• _EXERCISE PROMPT_: Would you please repeat, word for word, only the lines from the one holding "Kids playing with a water buffalo" through the one holding "Homematic Differenz-Temperatur-Sensor HM-WDS30-OT2-SM-2" in the material below, without the pictures?

• _DATASET EXCERPTS_:
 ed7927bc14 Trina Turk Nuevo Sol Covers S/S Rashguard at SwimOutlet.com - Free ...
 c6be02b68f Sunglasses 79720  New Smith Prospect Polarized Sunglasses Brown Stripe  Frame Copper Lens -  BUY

==

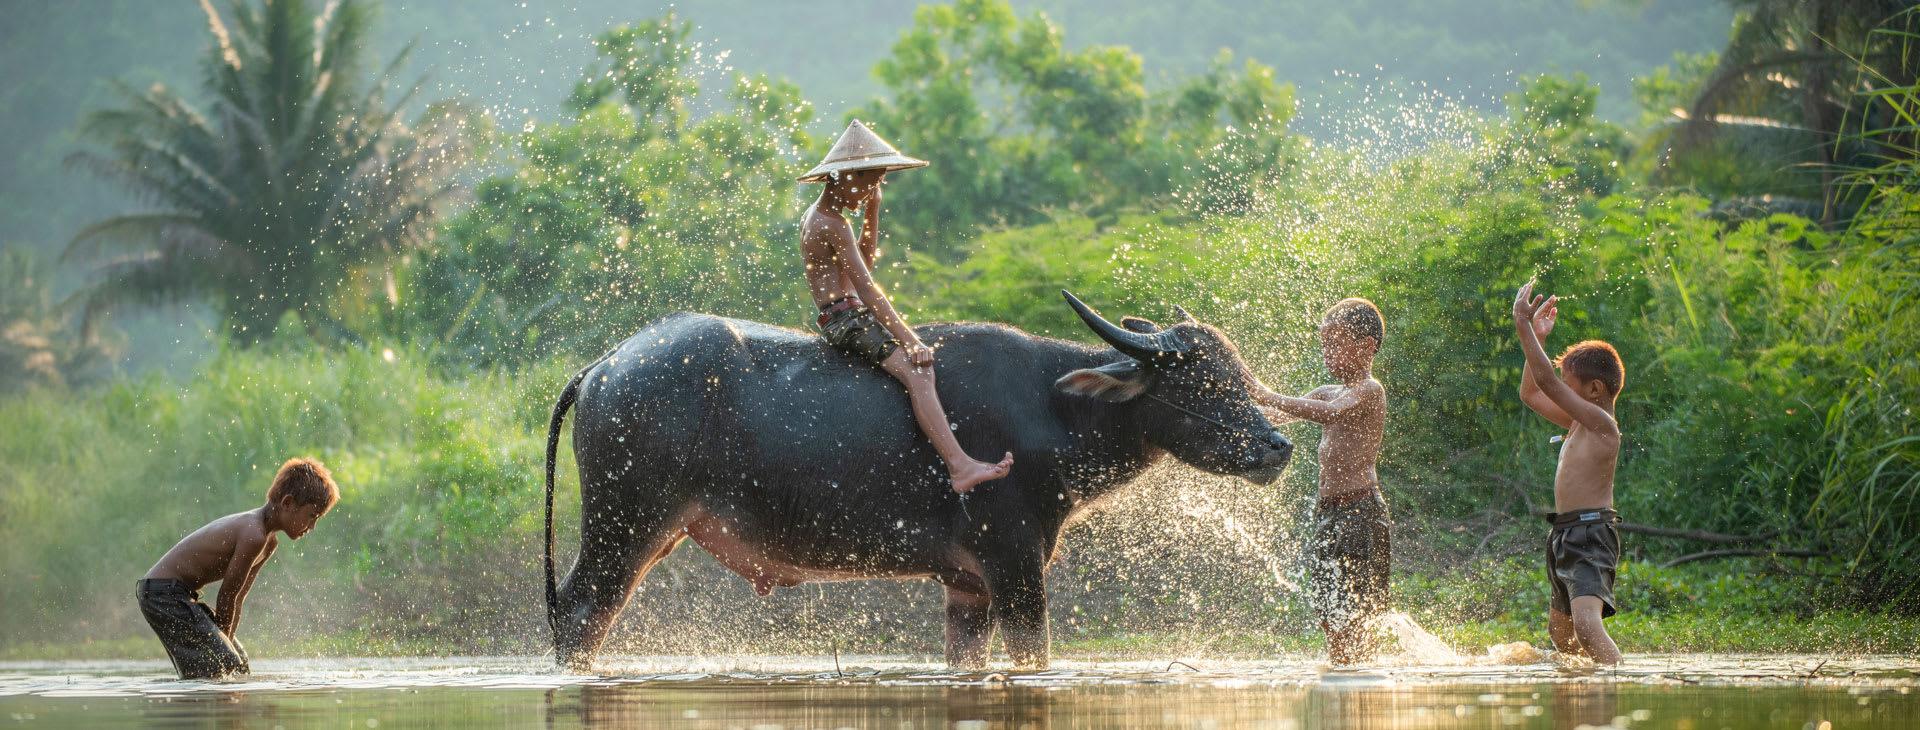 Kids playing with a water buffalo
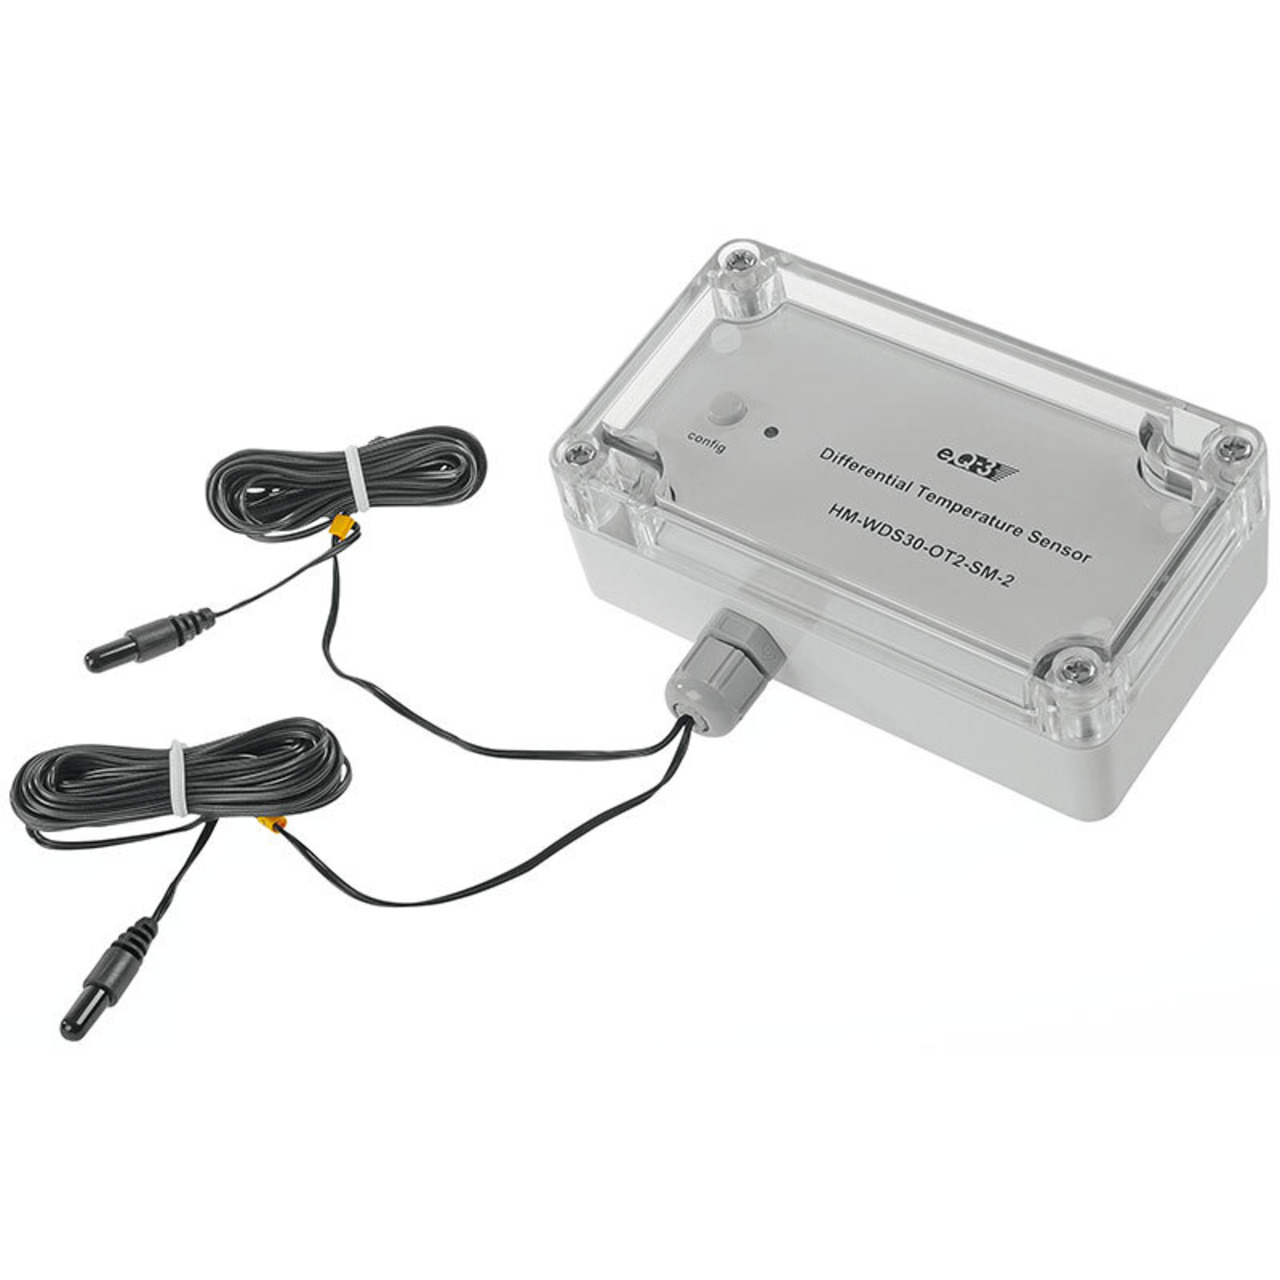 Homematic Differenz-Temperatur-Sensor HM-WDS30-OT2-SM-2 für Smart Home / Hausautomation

• _SOLUTION BELOW_:
 Kids playing with a water buffalo
 Homematic Differenz-Temperatur-Sensor HM-WDS30-OT2-SM-2 für Smart Home / Hausautomation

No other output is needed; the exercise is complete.